Последний окрик, больше похожий на лай, заставил меня застыть. Из домика-будки высунулась собачья голова. Она прищурилась и, будто глядя сквозь меня, продолжила свой бубнёж:
— Где же она… Время заставляет пространство непрерывно отображаться на себя, но должна же быть неподвижная точка в сфере моего обозрения, должна?
С этими словами пёс вновь скрылся в будке. Я осторожно сдвинулся с места. Это было ошибкой: пёс стремглав вылетел из конуры и встал так близко от меня, что я буквально чувствовал его дыхание.
— Точка, неподвижная точка?! — почти с мольбой пёс заглянул мне в глаза и снова будто никого не увидел. Я начал понимать, что происходит.
— Привет, — мне повезло, что моя голова была повёрнута в сторону от пса. Тот тут же заозирался и завертел ушами. — Пускай точка и существует, но она ведь не обязательно всегда одна и та же, приятель.
— Что?
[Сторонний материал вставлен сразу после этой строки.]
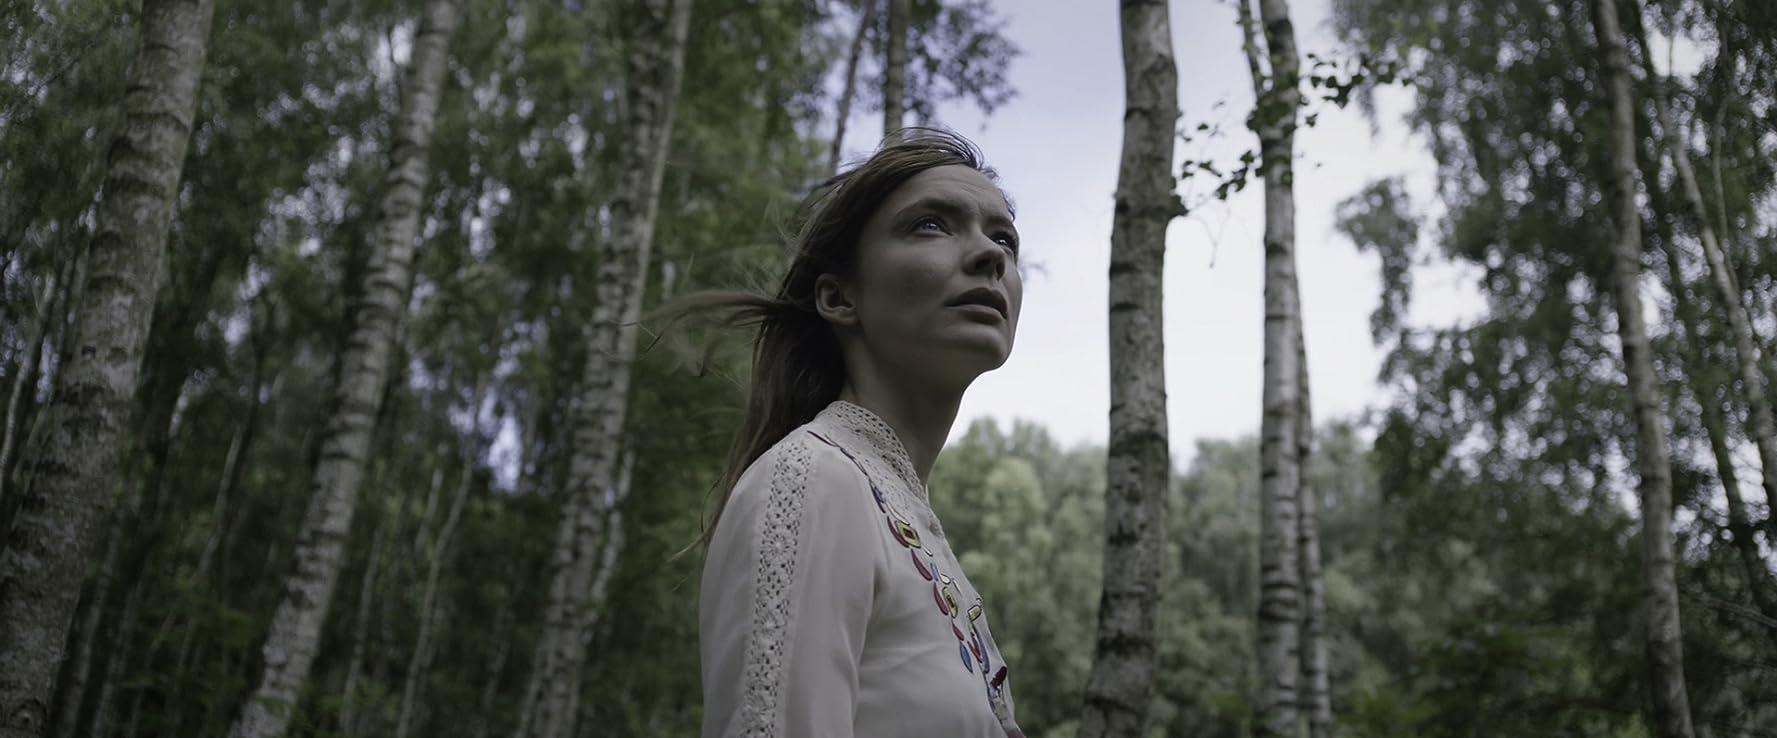 Neel Rønholt in Thorn (2017)

Абстракция наконец заговорила со мной? — радостно пролаял пёс и завилял хвостом. — О, скажи тогда, прошу, как мне найти неподвижную точку в любой момент времени?
— Она… — я задумался. Если пёс не видит неподвижных объектов, то как я вообще могу ему рассказать о них? Всё равно, что говорить о музыке глухому. Но потом меня осенило. — Она всегда за твоей спиной!
— Где? Где?! — и тут же пёс завертелся, словно волчок; со стороны могло показаться, что он, словно обычный, не математический домашний зверь, пытается догнать собственный хвост. — Я хочу увидеть её!
— Старайся… лучше, — протянул я, осторожно обходя пса, пока тот был занят погоней за невидимой точкой.
Покинув усердного охотника за неподвижностью, я вышел на поле, усеянное сугробами. «Ничего плохого не случится, если я просто их все обойду», — подумал тогда я. И снова ошибся.
Вообще, я люблю собак. И когда из снега высунулась милая белая мордашка, я обрадовался, что хоть этот пёсик не пытается на меня напасть или уморить очередной задачей. Но когда из снега показалось всё остальное, я отходил от шока целых три секунды вместо уже привычных двух.
Пёсик оказался выше меня на две головы и шире меня в два раза. Он с любопытством уставился на моё вытянувшееся лицо, высунув язык и часто дыша: похоже, в таких тяжёлых доспехах ему было жарко даже посреди зимней прохлады. Я прочёл надпись на его ошейнике: «Пёс Каталана».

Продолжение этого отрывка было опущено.